Avrebbero potuto chiedere chi volessero emulare oppure chi era la persona
ideale secondo loro, invece usarono proprio la parola “EROE”.
Così scoprii che Ricky Martin, Mike Piazza, Mike Jordan e Brittney
Spears sono in realtà degli eroi... Mi venne una tristezza incredibile,
quando realizzai che i Muzio Scevola della storia erano stati rimpiazzati
da cantanti ed atleti, le cui imprese “eroiche” sono solo degli
exploit nel loro campo di lavoro, per quanto eccezionali o appariscenti
possano essere. Come si può paragonare il loro successo all’eroismo di
chi pone la propria vita a rischio per salvarne altre? Come si può
scegliere di rendere triviale l’eroismo, inserendo nella schiera degli
eroi questi pur valenti rappresentanti del mondo dello spettacolo o dello
sport?
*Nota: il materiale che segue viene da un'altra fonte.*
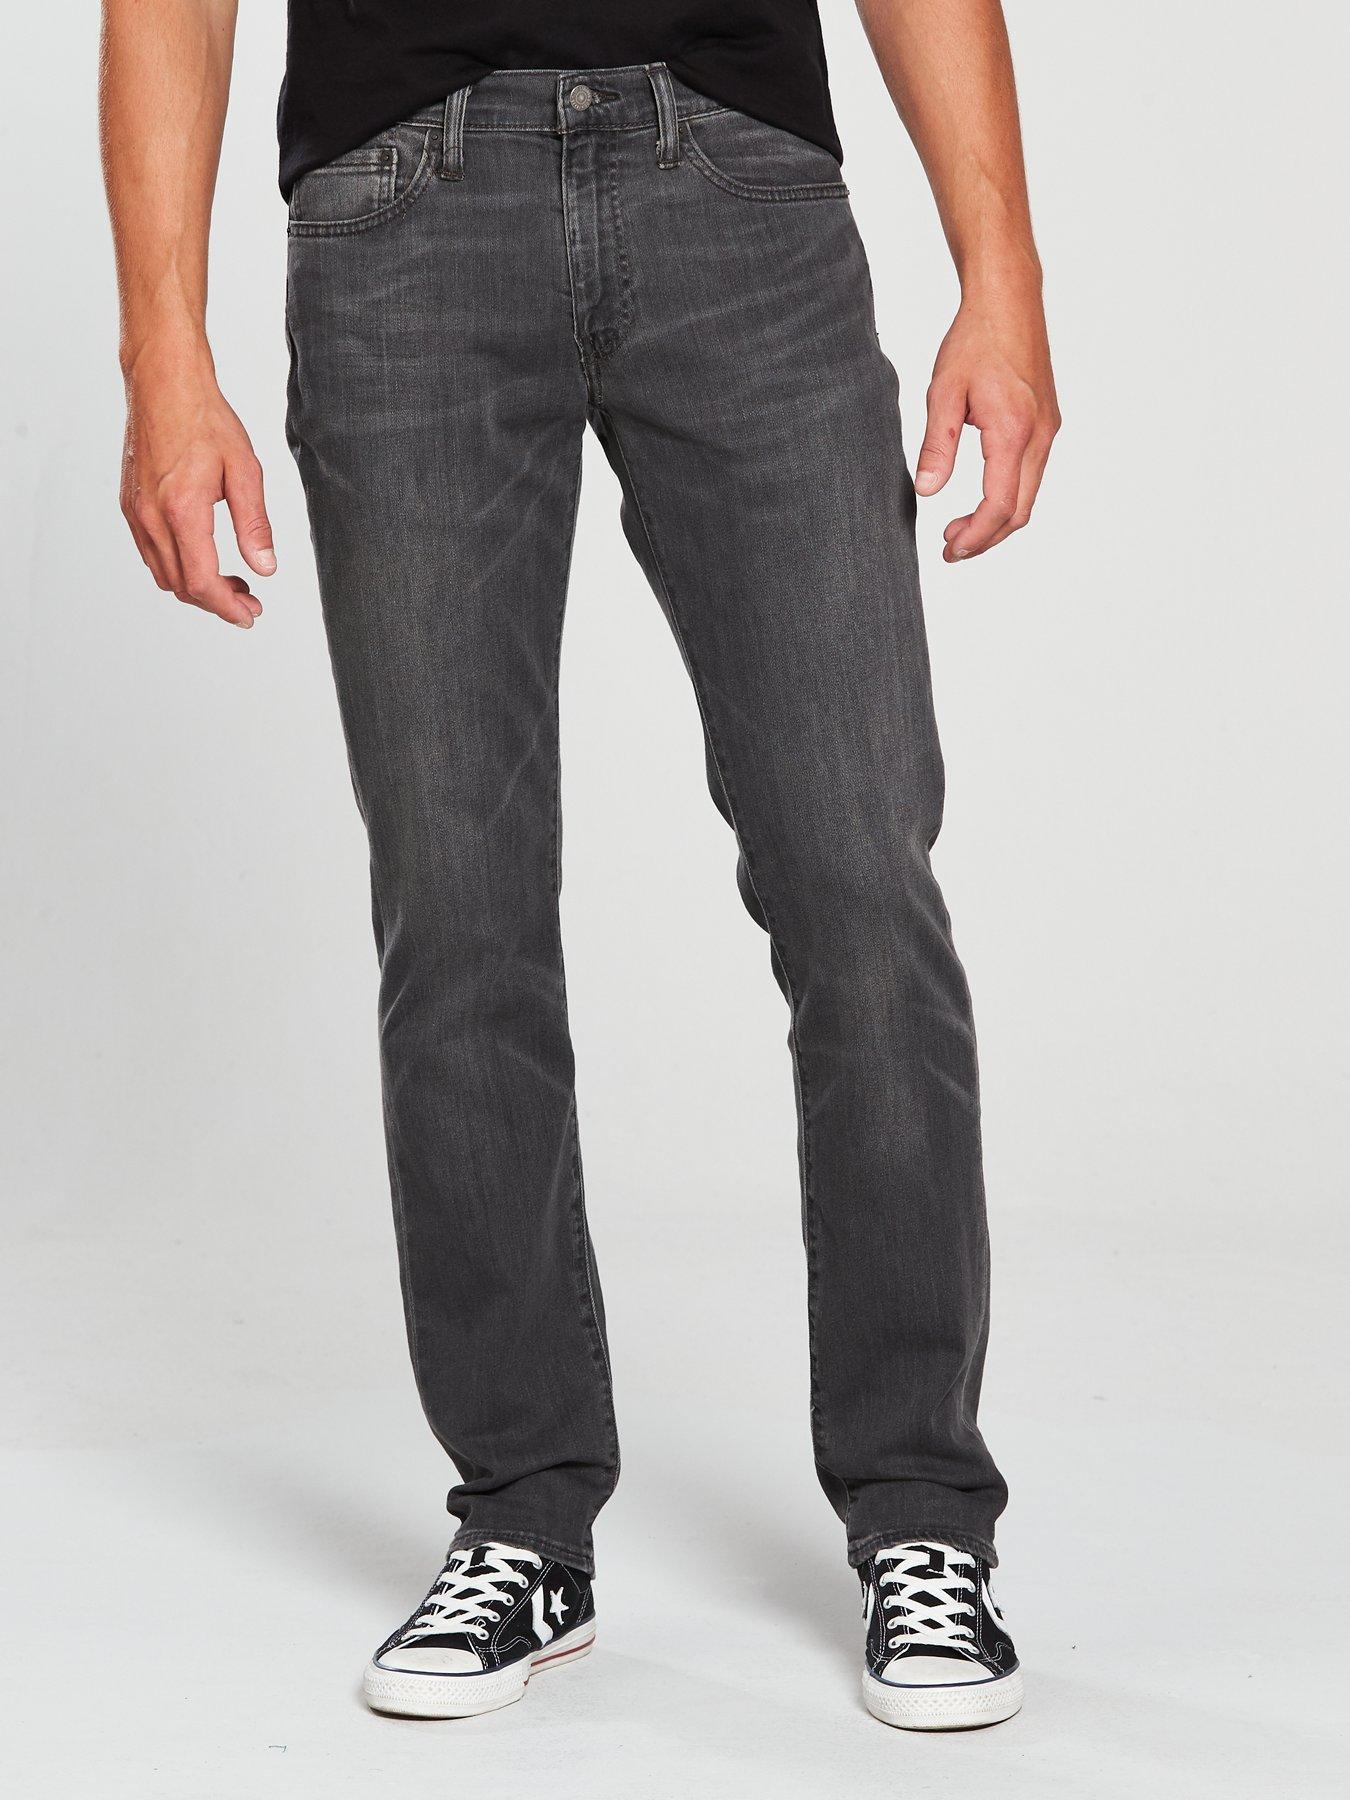 Fit Jeans Men Jeans GreySlim GreySlim Fit GreySlim Men dxeWCrBo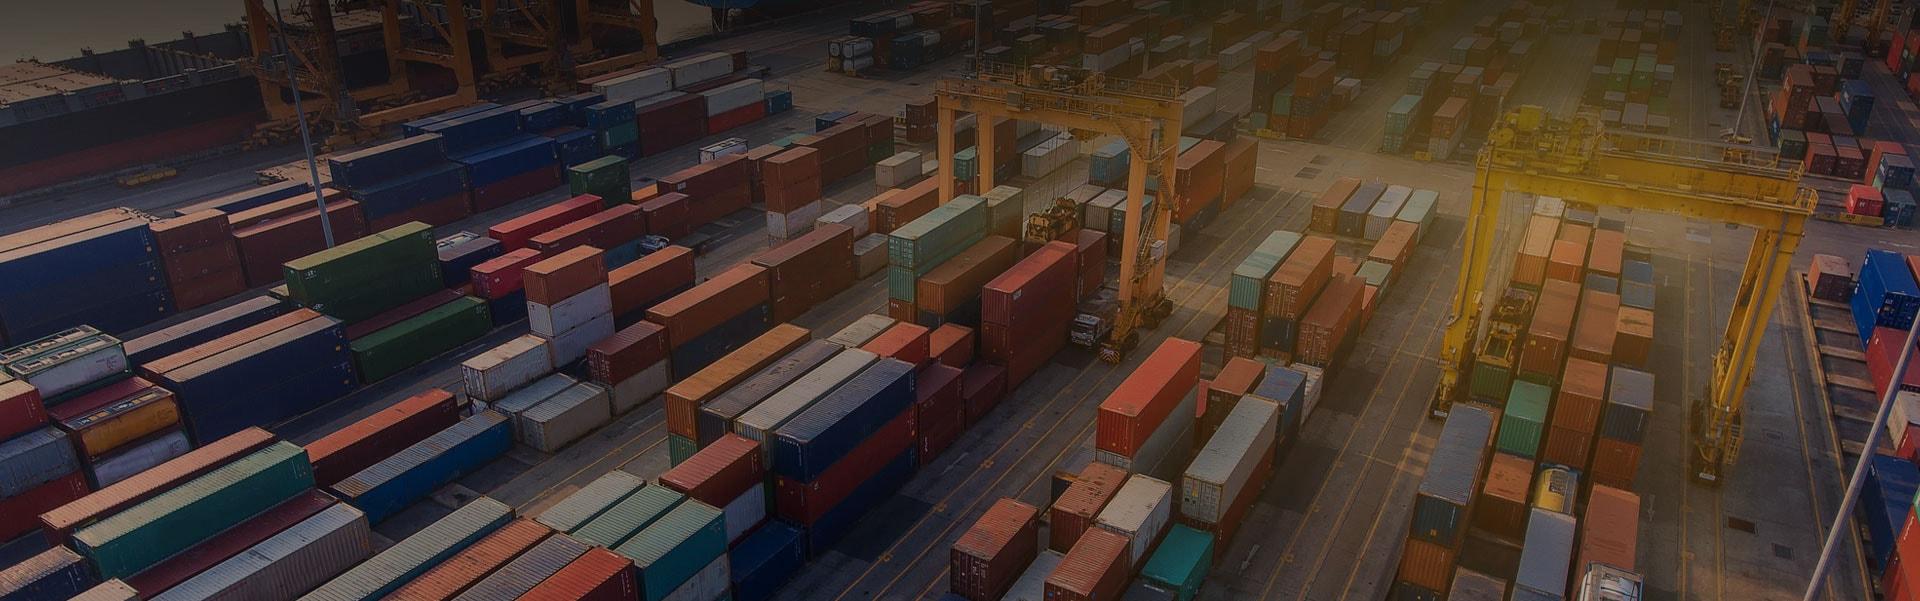 BNSF Applies Intermodal Container Terminal Simulation and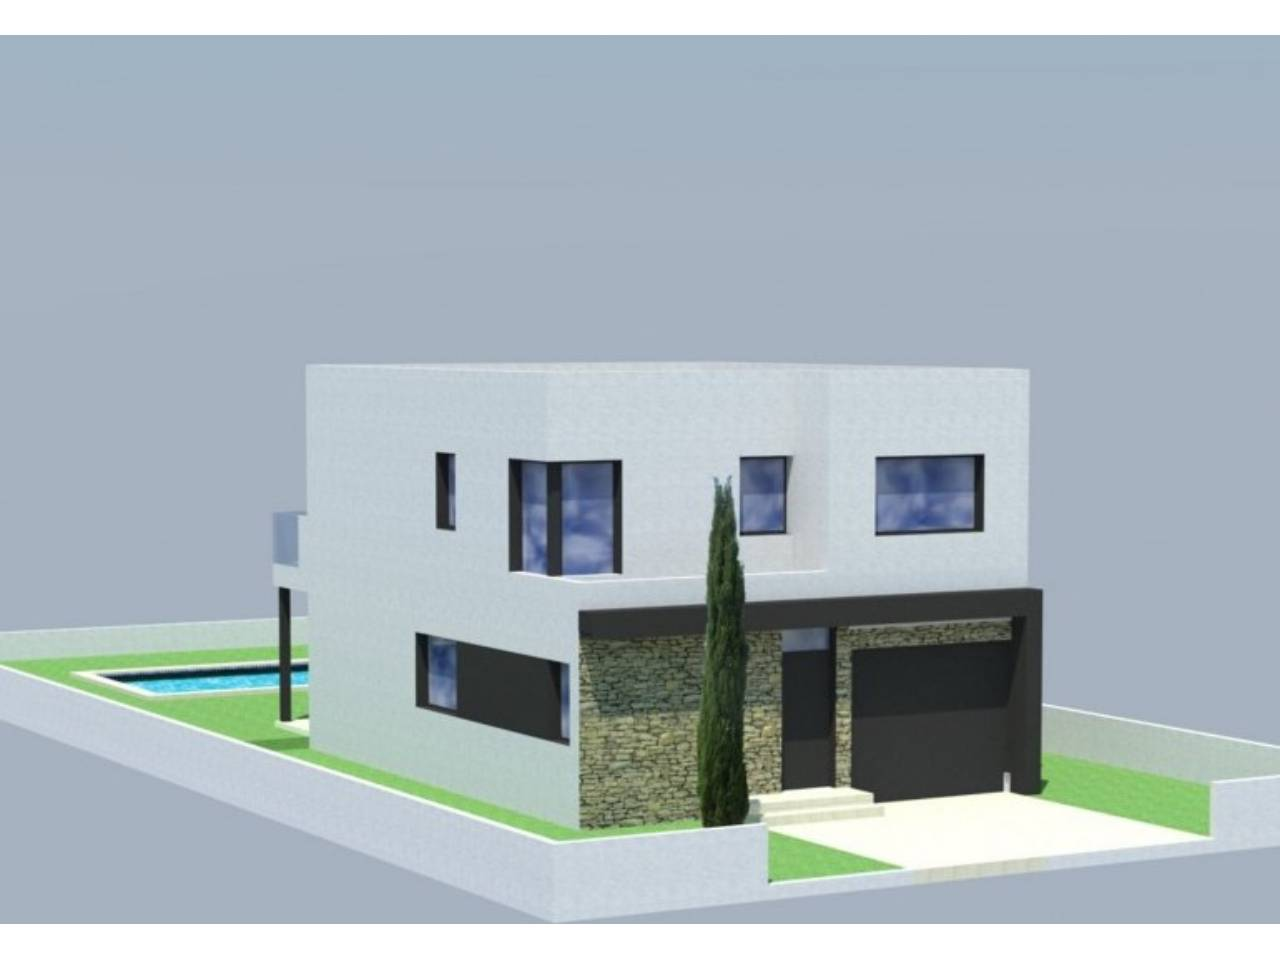 060247 - GARRIGUELLA House model REQUESENS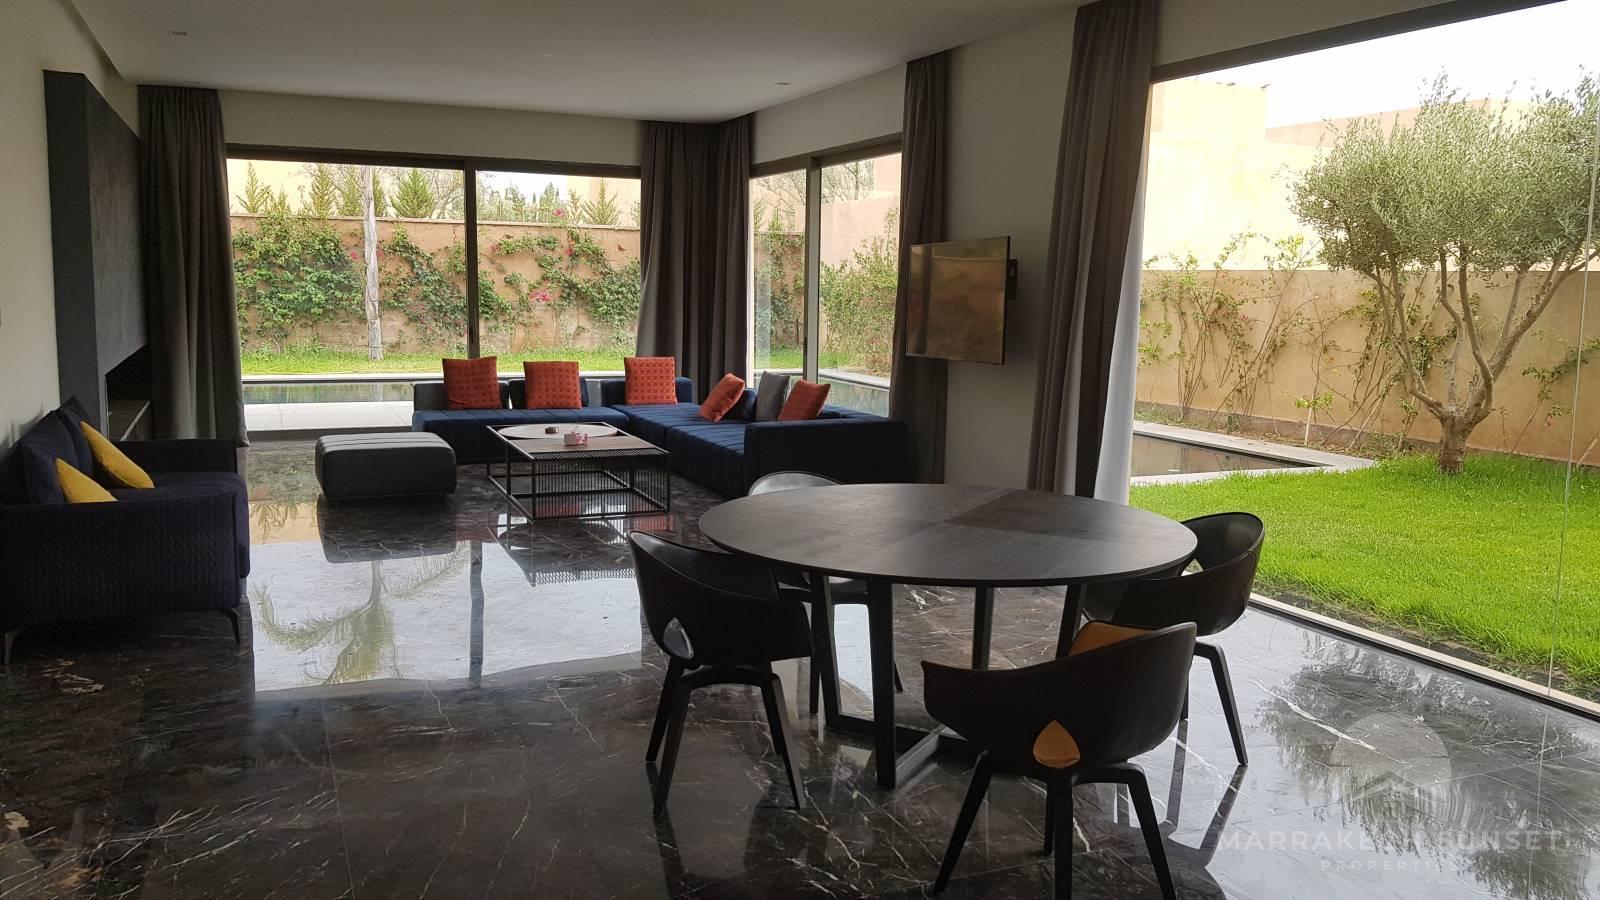 4 bedroom Luxury villa for sale in a private domain Marrakech

Verissimo che questo nuovo uso della parola “eroe” nel gergo
americano è accettato da molti, perché allora non trovare un vocabolo più
adeguato?
La definizione di eroe che ho trovato nel dizionario è “chi
dà prova di straordinario coraggio e abnegazione; chi si sacrifica per
affermare un ideale” o anche “Nelle civiltà primitive, figura mitica,
essere eccezionale al quale la comunità attribuisce imprese prodigiose;
nel mito classico, uomo nato da una divinità e da un mortale, dotato di
eccezionali virtù”. Abnegazione è definita come “rinuncia,
sacrificio di sé, della propria volontà”, quindi molti di noi
potrebbero essere considerati eroi, se non fosse per la parola
“straordinario”. I nostri sacrifici, le nostre rinunce per ottenere
una solidità finanziaria per la famiglia e dare una vita migliore ai
nostri figli, persino tutte le ore dedicate agli altri nell’arco di
un’attività di volontariato, per quanto possano apparire straordinari e
giganteschi a noi stessi ed ai nostri cari, rientrano sempre in una
normalità accettata ed accettabile dai molti. Ed ecco che entriamo in
merito al Tour de France... Che c’entra il Tour, direte voi? C’entra,
eccome.
Ho
avuto la fortuna d’essere presente alla partenza della 14° tappa del
Tour de France presso Cape d’Agde, nell’amabilissima Provenza.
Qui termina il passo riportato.